— Чемодан — не главное, — досадливо отозвался я.
— Ладно, пусть не главное, но все-таки — при чем? Это твой чемодан?
— Мой. И в нем сегодня кто-то рылся.
— Рылся? — вдруг оживился он. — Это интересно.
— Мне тоже интересно.
— А ты не придумываешь? Я хочу сказать, что тебе могло показаться.
— Могло и показаться, — сказал я независимо, — но все равно.
— Ты так говоришь, будто я имею к этому отношение.
— Я этого не говорю.
— Ну, допустим, — и он улыбнулся.
И как я ни был разгорячен, и как ни злился на себя — эта улыбка его значительно меня охладила.

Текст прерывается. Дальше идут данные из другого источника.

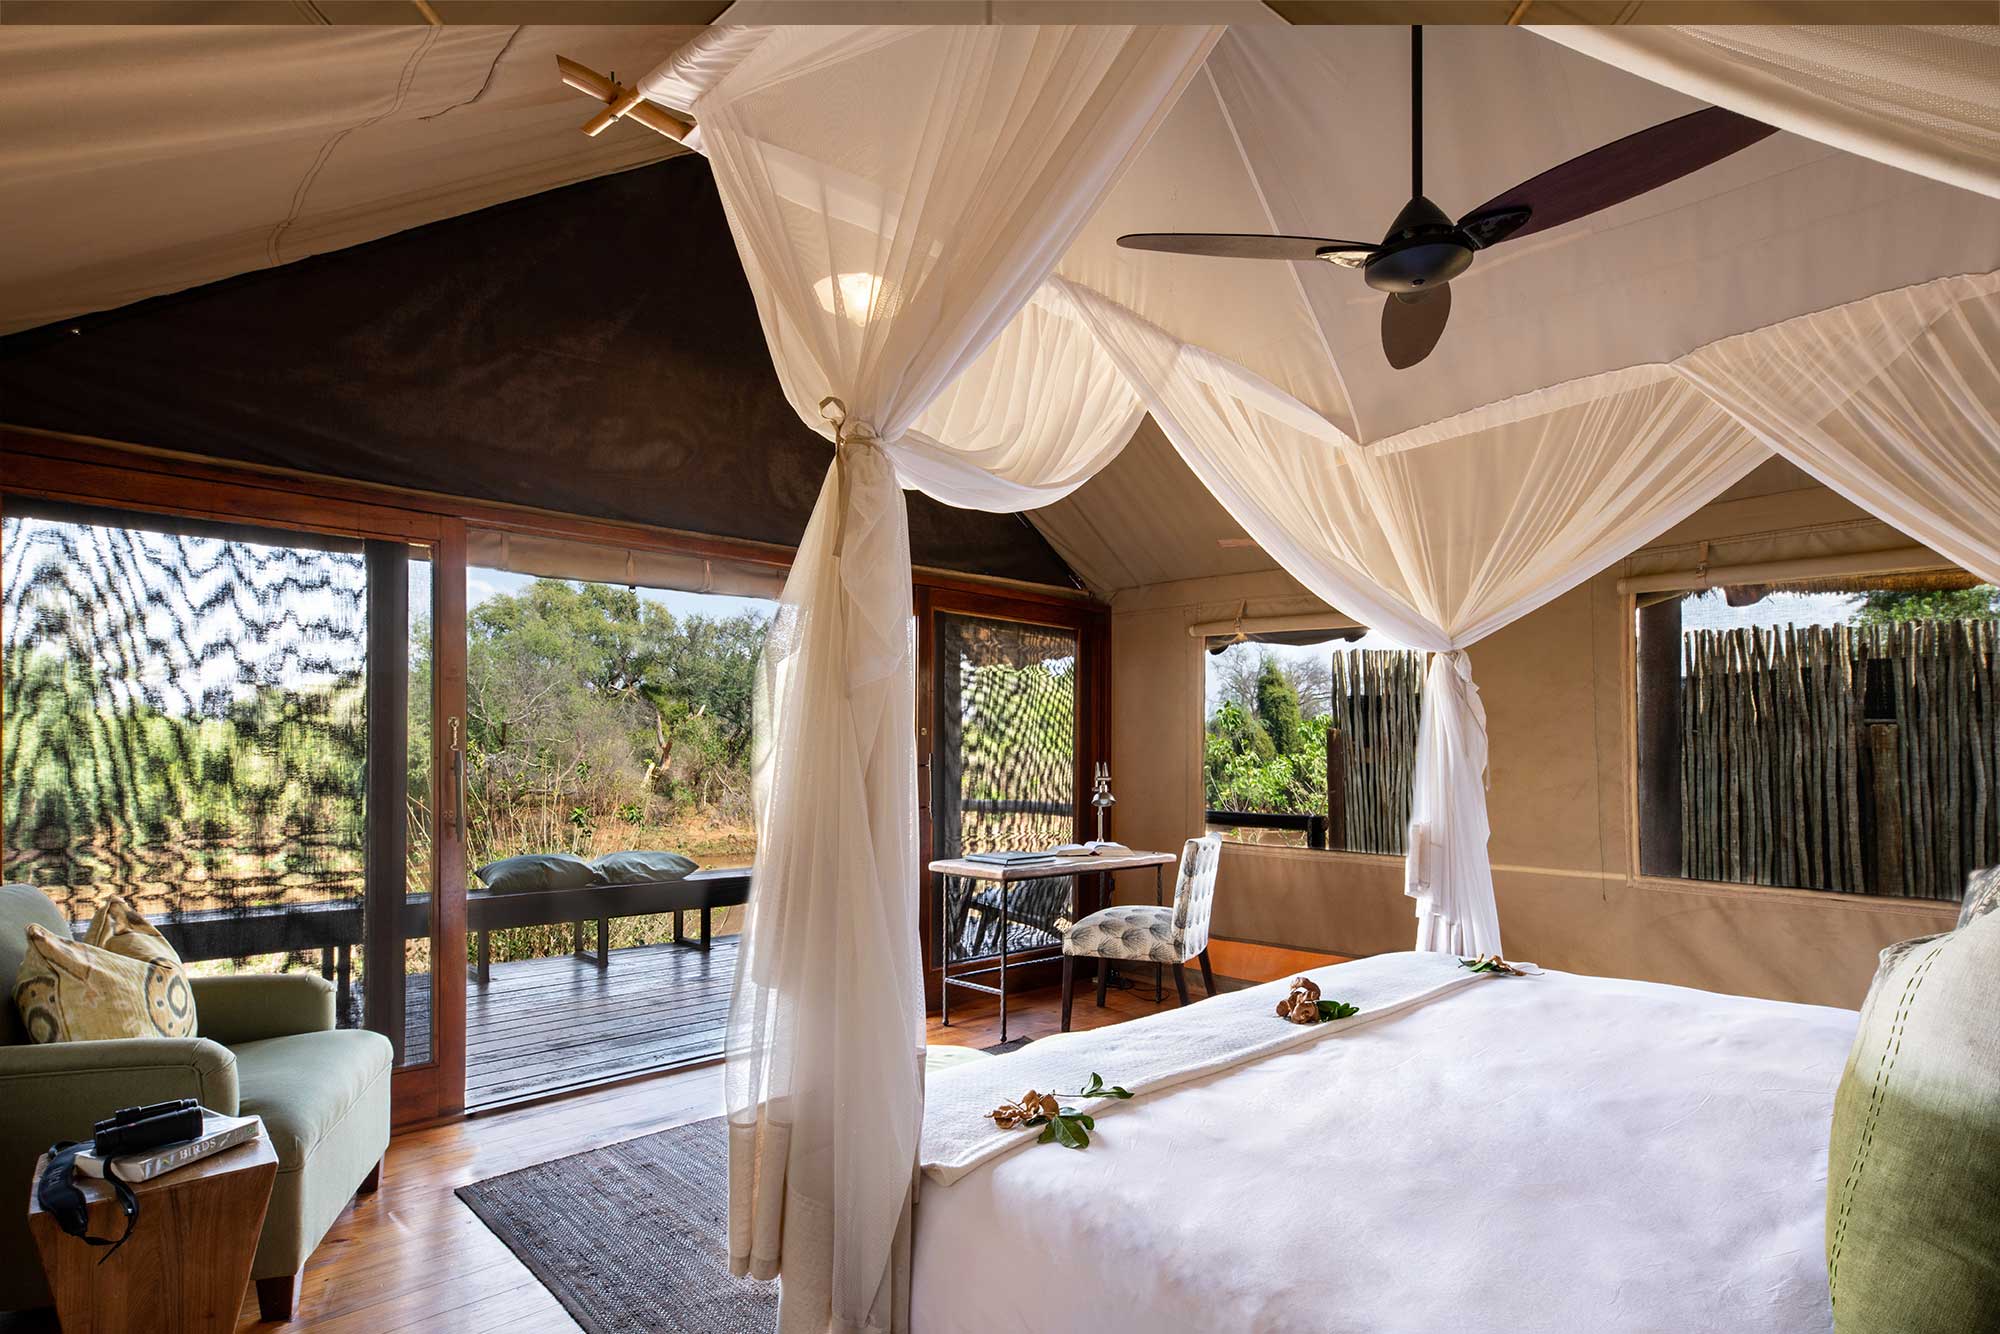 A luxury tent interior with a canopy bed, white linens, a ceiling fan, a writing desk, a green sofa, and an open view of a wooden deck and lush greenery through large glass doors at return Africa a lodge for a safari elopement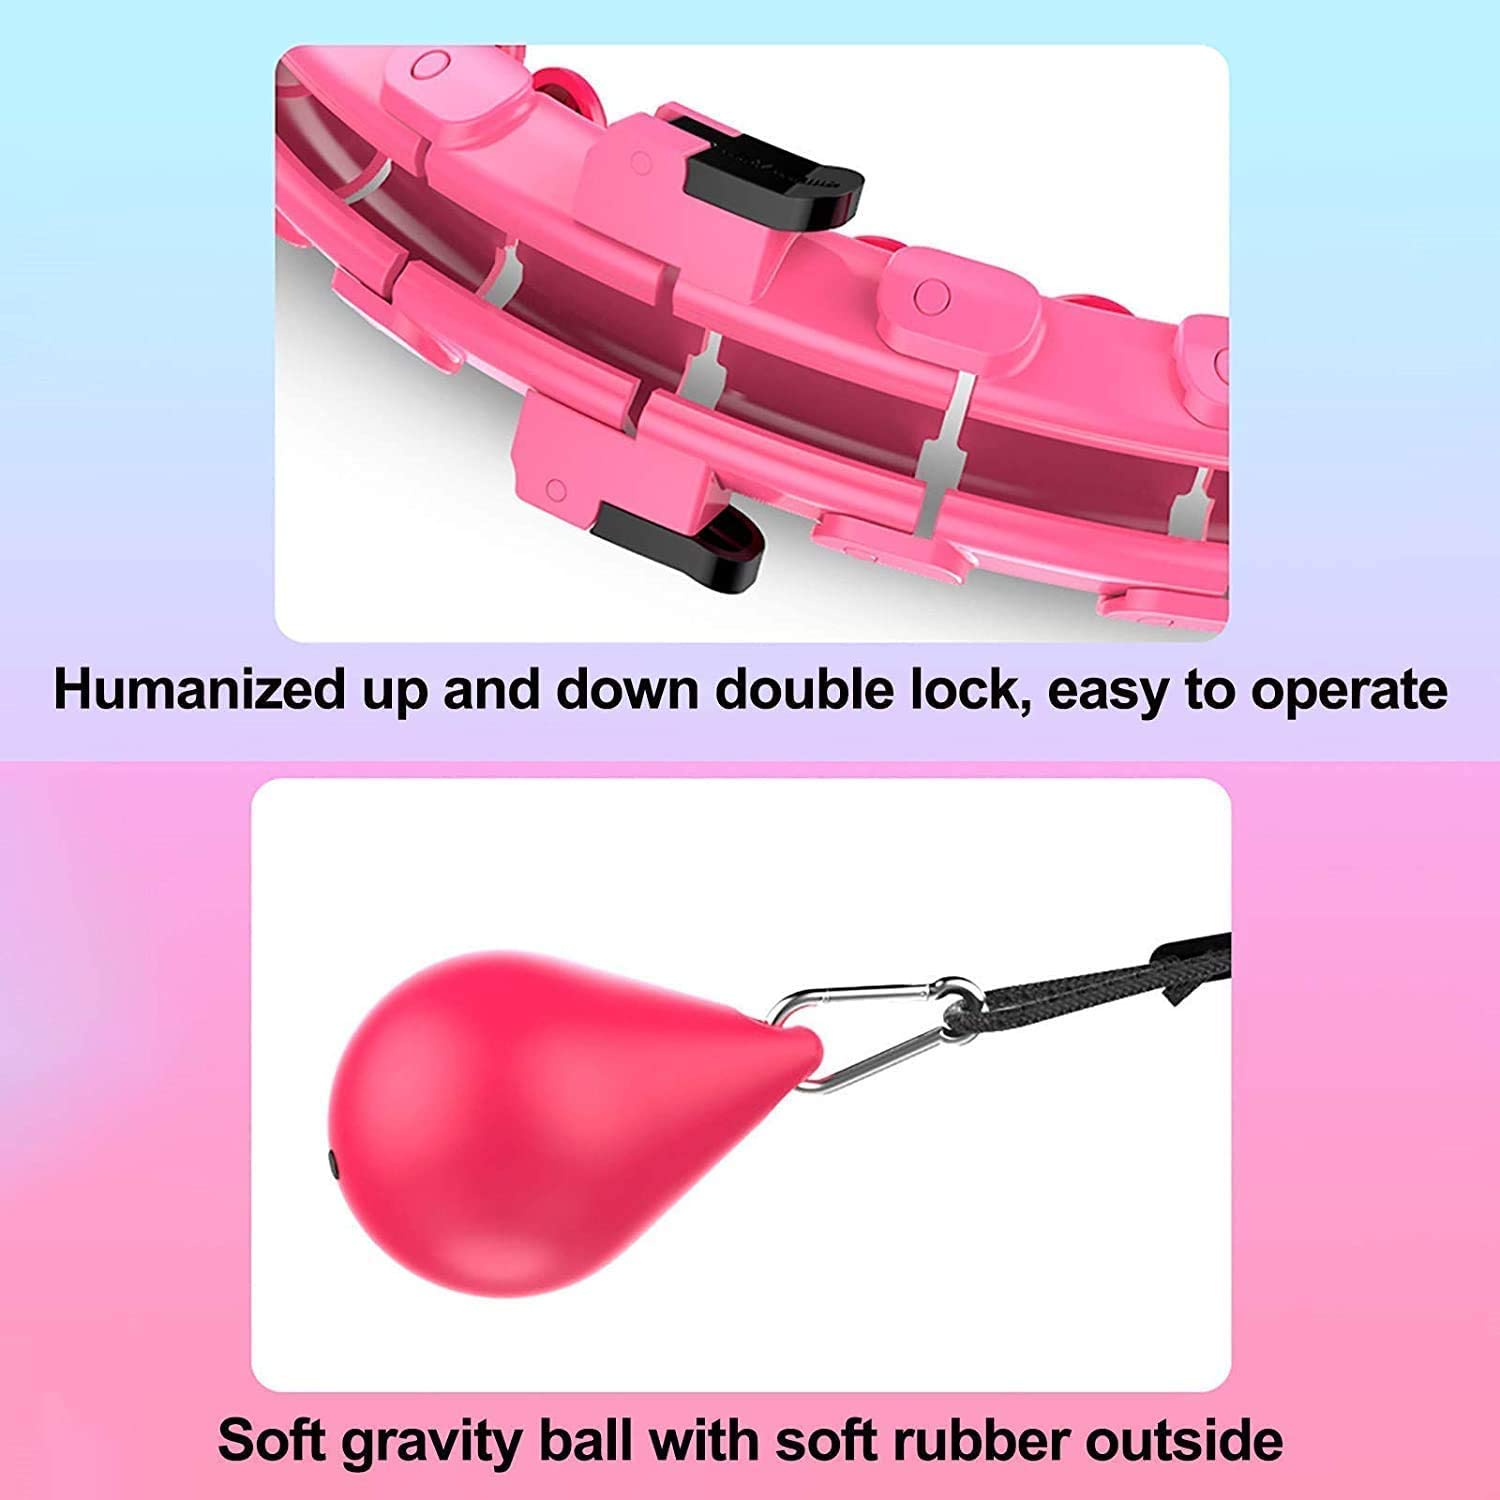 (❤Mother's Day Sale - Save 50% OFF) Smart Weighted Hula

Я еще чувствовал, что краска не сошла с моего лица, я еще дышал прерывисто и сглатывал поминутно, но — я снова ощутил притяжение к этому человеку. Только я не знал, как теперь все поправить. Но оказалось, что поправлять ничего не нужно.
— А ты, я смотрю, горяч, — продолжал он улыбаться. — Ну, ладно, давай о деле. Чемодан пока оставим. Да, ничего не пропало?
— Ничего.
— Уже хорошо. Ты вот что… Тебе что-то Никонов говорил? А? Неужто же он… Он тебе о ценностях говорил?
— Всякое, — сказал я осторожно.
— О бриллиантах?
— Да, о бриллиантах.
— Так.
Это его «так» прозвучало неожиданно мрачно. Он встал, заложил руки за спину и прошел по комнате из конца в конец несколько раз. Я следил за ним, пытаясь понять: что? как? насколько? Но он совсем ушел в себя. Одно только я видел: «дело» существует.
Какое-то ожидательное возбуждение поднялось во мне. Жизнь моя до сего дня протекала… обыкновенно. И обыкновенность эта всегда удручала меня. Всегда кажется, что только в необыкновенности вся соль и весь смысл. То, что во внешней обыкновенности жизни есть глубокий внутренний тон (и даже он глубже и гуще — этот тон, когда на поверхности видимая обыкновенность), это я понял много позже. А сейчас… Я с нетерпением ждал, когда Алексей Михайлович заговорит.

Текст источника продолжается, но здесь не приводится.